Plurals and synonym lists

I want to correct spelling errors automatically. I have used search in
the past where I can pass an argument through standard search to correct
a word with up to 2 spelling errors for example or do the more Google
like “Did ya mean?”. In this case I just want to change it automatically
and search. I am not too interested in specifying the number of
characters it is out by.

What is the easiest way of doing something similar in Ferret? Would I
use fuzzy search to correct misspellings? I am guessing so, but would
this also do plurals and perhaps stemming. For example, tax would search
for taxes and taxing or ball would search for balls…

Also - anyone done any work with synonym lists. I want to be able when I
do a search on chair to also do a search on stool, seat, bench etc. I
saw something around this in a Lucene book around WordNet but have no
idea how to implement in Ferret.

As you can probably tell I am pretty new to both Lucene and Ferret.

Thanks again in advance.

On 7/11/06, BlueJay [email protected] wrote:

for taxes and taxing or ball would search for balls…

You can use Fuzzy query to do SpellChecking but it’s not ideal. I’m
thinking of extracting the vim spell check and making it available in
Ruby. It is awesome. Lightning fast and there are heaps of
dictionaries available in multiple languages.

This you can do with a Fuzzy Query. But still it’s a bit difficult.
What I’m thinking of doing is adding a did_you_mean class method to
FuzzyQuery.

suggestions = FuzzyQuery.did_you_mean(term, index_reader)

What this would do is return a ordered list of term/frequency pairs of
all terms that are similar to but more common in the index than the
original term

Also - anyone done any work with synonym lists. I want to be able when I
do a search on chair to also do a search on stool, seat, bench etc. I
saw something around this in a Lucene book around WordNet but have no
idea how to implement in Ferret.

You can do the same thing in Ferret. You basically need to write your
own analyzer. I’ll have a book out on how to do all of this
eventually.

As you can probably tell I am pretty new to both Lucene and Ferret.

A warm welcome to you then.

David B. wrote:

On 7/11/06, BlueJay [email protected] wrote:

for taxes and taxing or ball would search for balls…

You can use Fuzzy query to do SpellChecking but it’s not ideal. I’m
thinking of extracting the vim spell check and making it available in
Ruby. It is awesome. Lightning fast and there are heaps of
dictionaries available in multiple languages.

This you can do with a Fuzzy Query. But still it’s a bit difficult.
What I’m thinking of doing is adding a did_you_mean class method to
FuzzyQuery.

suggestions = FuzzyQuery.did_you_mean(term, index_reader)

What this would do is return a ordered list of term/frequency pairs of
all terms that are similar to but more common in the index than the
original term

Also - anyone done any work with synonym lists. I want to be able when I
do a search on chair to also do a search on stool, seat, bench etc.

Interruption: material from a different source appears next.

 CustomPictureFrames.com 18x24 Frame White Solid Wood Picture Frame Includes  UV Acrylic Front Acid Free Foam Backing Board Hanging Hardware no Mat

I
saw something around this in a Lucene book around WordNet but have no
idea how to implement in Ferret.

You can do the same thing in Ferret. You basically need to write your
own analyzer. I’ll have a book out on how to do all of this
eventually.

As you can probably tell I am pretty new to both Lucene and Ferret.

A warm welcome to you then.

Great - a book would be of great help and I am more than willing to
proof read it for you… especially the bits around category search,
spell checking and synonym lists. Perhaps you could even use my site as
an example site in the book! because I am sure there are hundreds or
thousands of people wanting to do the same things as me.

On 7/11/06, BlueJay [email protected] wrote:

This you can do with a Fuzzy Query. But still it’s a bit difficult.

do a search on chair to also do a search on stool, seat, bench etc. I

Great - a book would be of great help and I am more than willing to
proof read it for you… especially the bits around category search,
spell checking and synonym lists. Perhaps you could even use my site as
an example site in the book! because I am sure there are hundreds or
thousands of people wanting to do the same things as me.

I’m looking forward to seeing it in action. As for examples in my
book, we’ll have to wait and see. But you can definitely mention it
here it on the Ferret Wiki but hold back for the moment because it’s
being spammed like crazy.